Выбрать главу

От речи атамана даже молодежь на бугре покатывалась со смеху, смеялись деды, казаки задней шеренги хохотали, уткнувшись в спины передних, а те, еле сдерживая хохот, отворачивались, прыскали в бороды. Уваров, яростно округлив глаза, грозил им кулаком из-за спнны атамана. А тот продолжал все в том же духе и уже заговорил о ремонте поскотины, когда спохватившийся писарь подбежал к нему и, тронув сзади за рукав, зашептал на ухо:

— О присяге скажи: мол, отцы наши, деды…

— Отцы наши и деды… — нимало не смутившись, атаман с поскотины сразу перешел на военные дела, — и мы, значитца, должны помнить воинскую присягу и, значитца, сполнять, терпеливо переносить голод, и холод, и все нужды казачие. — Проговорив заученные слова, атаман вспомнил, что речь надо закончить призывом к исполнению воинского долга. — Ну, а ежели произойдет война, то мы, значитца, наточим шашки, заседлаем добрых наших коней и — марш защищать отечеству нашу. Ура!

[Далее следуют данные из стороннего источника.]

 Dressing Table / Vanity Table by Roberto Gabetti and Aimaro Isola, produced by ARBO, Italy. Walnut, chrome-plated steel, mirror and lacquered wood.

Обрадованные окончанием речи атамана, казаки ответили громким троекратным ура.

Началось парадное шествие… Под восторженные возгласы собравшихся казаки сдвоенными рядами, по четыре в ряд, трижды прошли мимо школы.

Кончился парад, и, едва Уваров скомандовал «вольно», сразу же сломался строй, казаки, как горох из мешка, сыпанули к школе, в момент окружили и принялись качать стариков, начав с атамана.

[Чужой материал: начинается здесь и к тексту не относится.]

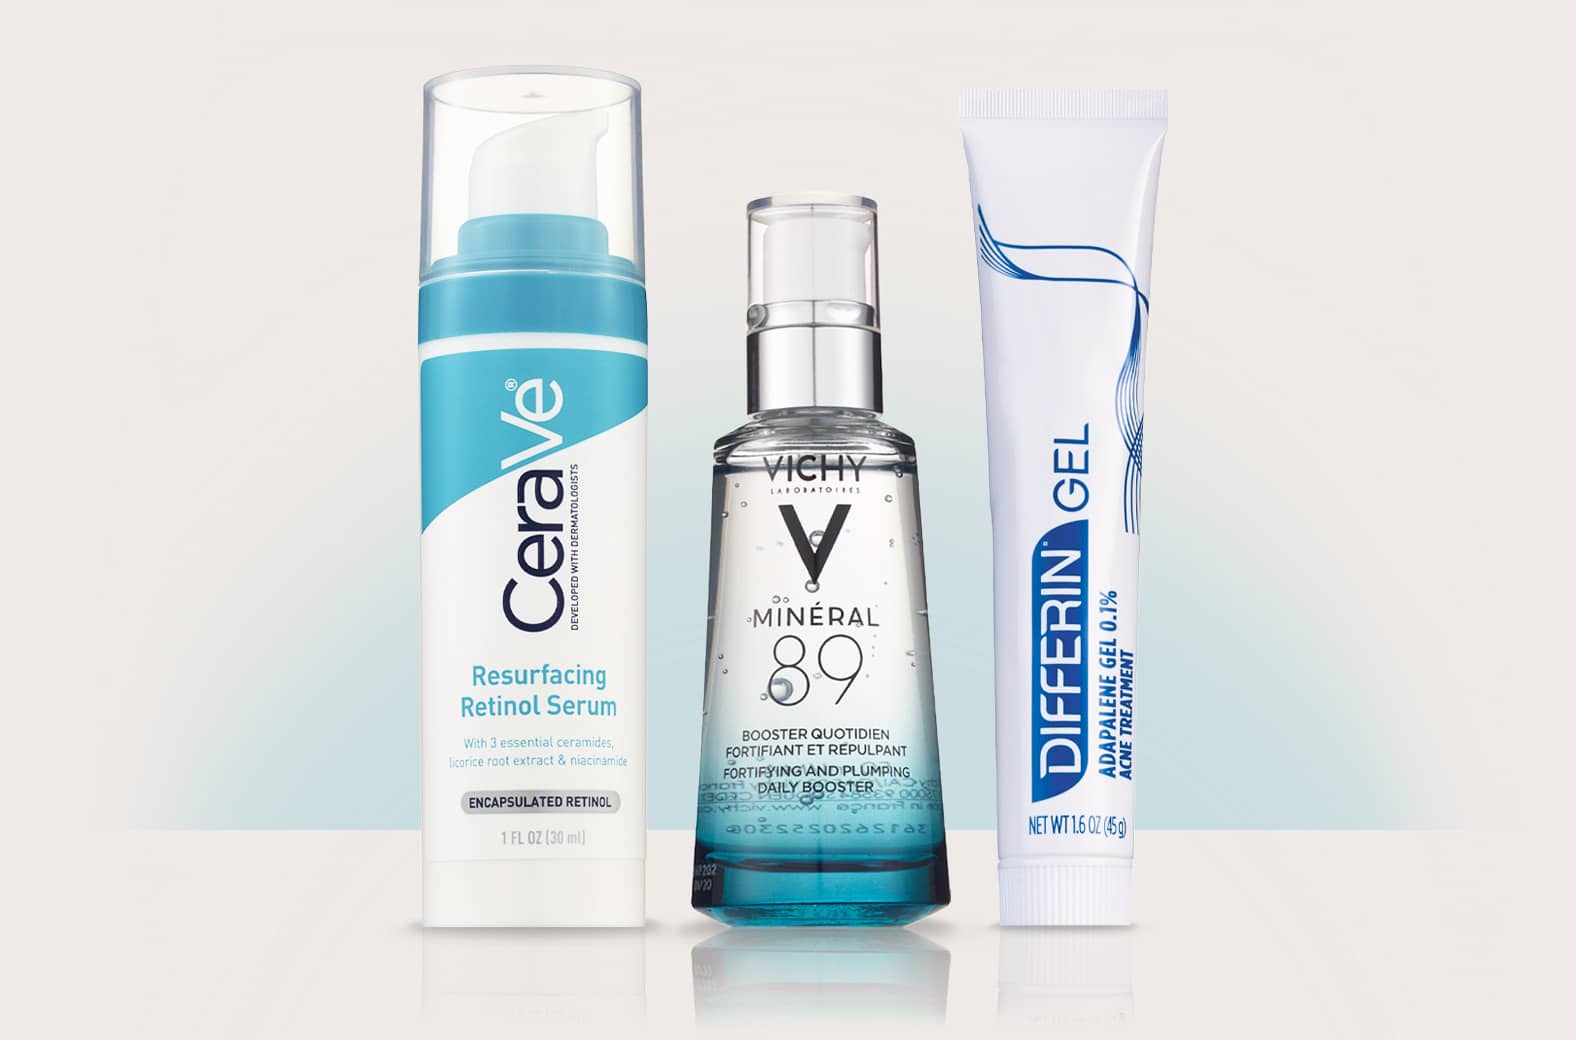 CeraVe, Vichy and Differin acne care products

По опыту прошлых лет старики знали, что после парада их будут качать, а поэтому все они запаслись деньжонками. Каждый из них хранил в рукавице кто четвертачок, кто полтинник, а кто и желтую рублевую бумажку. Серебряный рубль держал в кулаке богатый, но скупой Тит Лыков, но, к великой его досаде, на этот раз ему пришлось раскошелиться не на один рубль. Чтобы подзадорить богачей, хитрый Уваров, заранее сговорившись с казаками, дал заимообразно Анциферову трехрублевку и научил, что с нею сделать, после чего тот немедленно передал ее деду Ереме. И случилось невероятное: после почетного судьи казаки, вопреки обычаю, качнули не богача Лыкова, а самого беднейшего из стариков, деда Ерему.

— Шпашибо, ребятушки, шпашибо! — шамкал дед, очутившись на ногах и рукавом шубы вытирая выступившие от радости слезы. — Вот вам, детушки, на водку жа окажанную чешть, — и дед кинул казачью трехрублевку, в волчью папаху Анциферова.

Ахнула толпа, увидев, как щедро расплатился с казаками престарелый бедняк. Лыков так и затрясся, побледнел от злости.

— Ай да дед Ерема! — густым басом рокотал Анциферов, размахивая радужной трехрублевкой. — Видали, какую сумму отвалил? Вот как наши делают! А ну, ребятки, за такое дело качнем его еще разок!

И, подхваченный десятком рук, дед Ерема вторично несколько раз плавно взлетел на воздух.

Задетый за живое, Лыков, проклиная в душе деда Ерему, извлек из-за пазухи кисет, и, когда качнули его казаки, в папаху Анциферова вместе с рублем полетела новенькая пятирублевка.

Пришлось порастрясти свои кошельки и другим богачам — никому не хотелось ударить в грязь лицом перед обществом, и, когда перекачали всех стариков, в папахе Анциферова собралась порядочная сумма. Деньги пересчитывали втроем: Анциферов, Козырь и Дремин.

— Двадцать восемь рублей пятьдесят копеек! — радостно объявил Анциферов, укладывая деньги в боковой карман шинели. — Живем, братцы, дня на два хватит гулять всем!

Толпа ответила радостным гулом, и тут же договорились всем скопом отправиться к торговщице водкой Ермиловне.

Молодые казаки откололись от стариков, выторговав себе отступные— на орехи пять рублей. Они смешались с толпой парней и девок. Идти с казаками отказался и Уваров. Взяв у Анциферова свою трехрублевку, он присоединился к богачам и отправился с ними догуливать к атаману. Остальные человек сорок казаков под командой Дремина строем двинулись к Ермиловне. За ними потянулось с десяток дедов и любопытные до всего ребятишки.